Canadian Senator from Nova Scotia
- Incumbent
- Assumed office July 6, 2023
- Nominated by: Justin Trudeau
- Appointed by: Mary Simon
- Preceded by: Tom McInnis

Personal details
- Born: November 4, 1964 (age 61)
- Party: Canadian Senators Group
- Alma mater: Cape Breton University Dalhousie Law School

= Paul Prosper =

Canadian politician

Paul James Prosper (born November 4, 1965) is a Canadian politician who has served as a senator from Nova Scotia since July 2023.
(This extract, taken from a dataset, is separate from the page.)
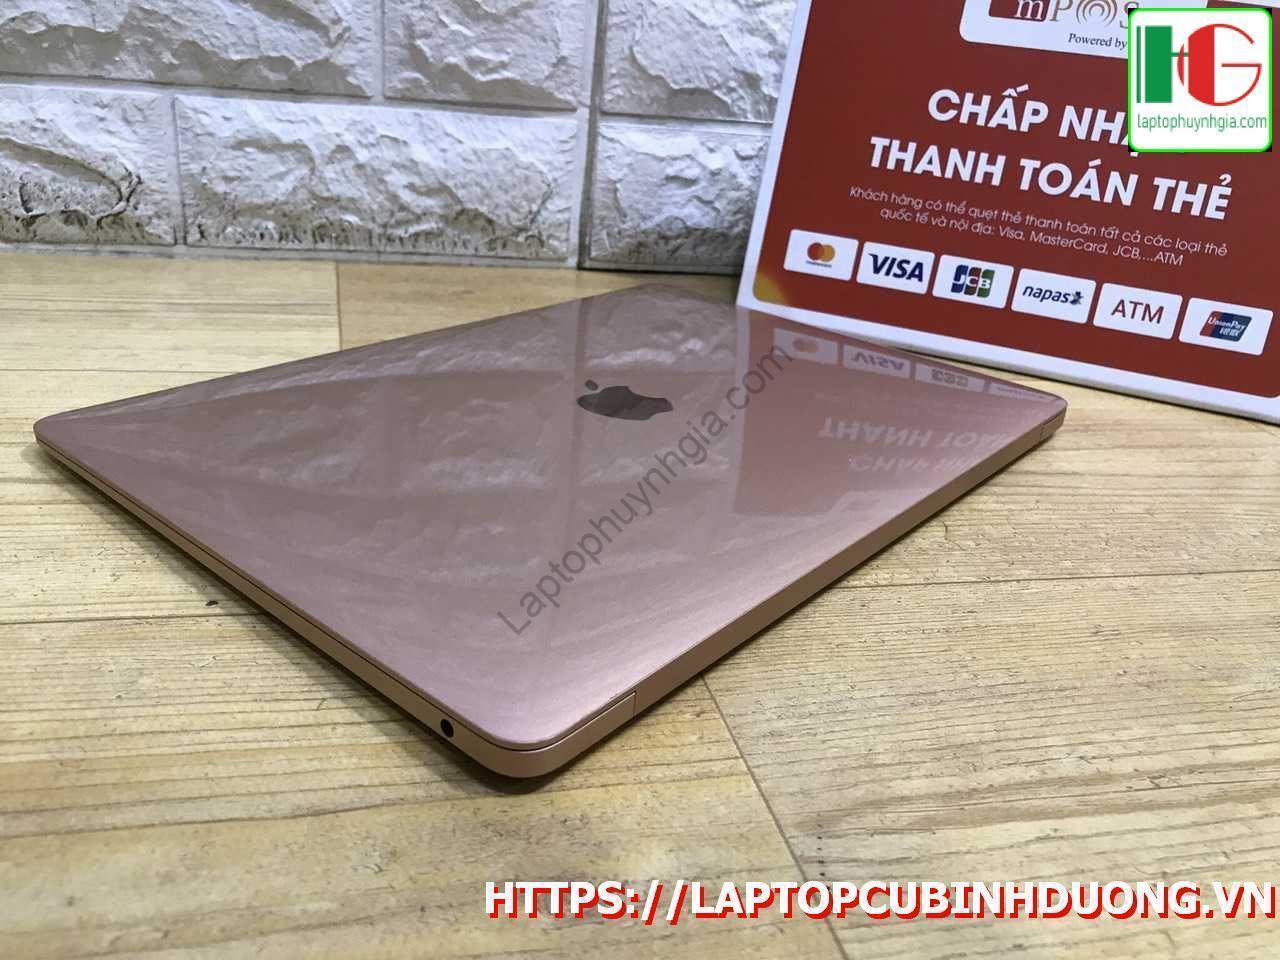 Macbook Air 2018 I5 8g Ssd 128g Laptopcubinhduong.vn 1

==Early life and education==
Prosper grew up in Paqꞌtnkek First Nation, Nova Scotia. In 1992, he graduated from Cape Breton University with a Bachelor of Arts Degree and in 1994, he graduated from Dalhousie University with a Bachelor of Laws.

==Career==
After graduation, Prosper worked in different capacities in the Maritime region providing Mi'kmaq legal support and treaty rights.

From 2013 to 2020, Prosper served as Chief of the Paqꞌtnkek First Nation. In September 2020, Prosper was elected Regional Chief of Nova Scotia and Newfoundland with the Assembly of First Nations.

On July 6, 2023, he was summoned to the Senate of Canada by Governor General Mary Simon, on the advice of prime minister Justin Trudeau.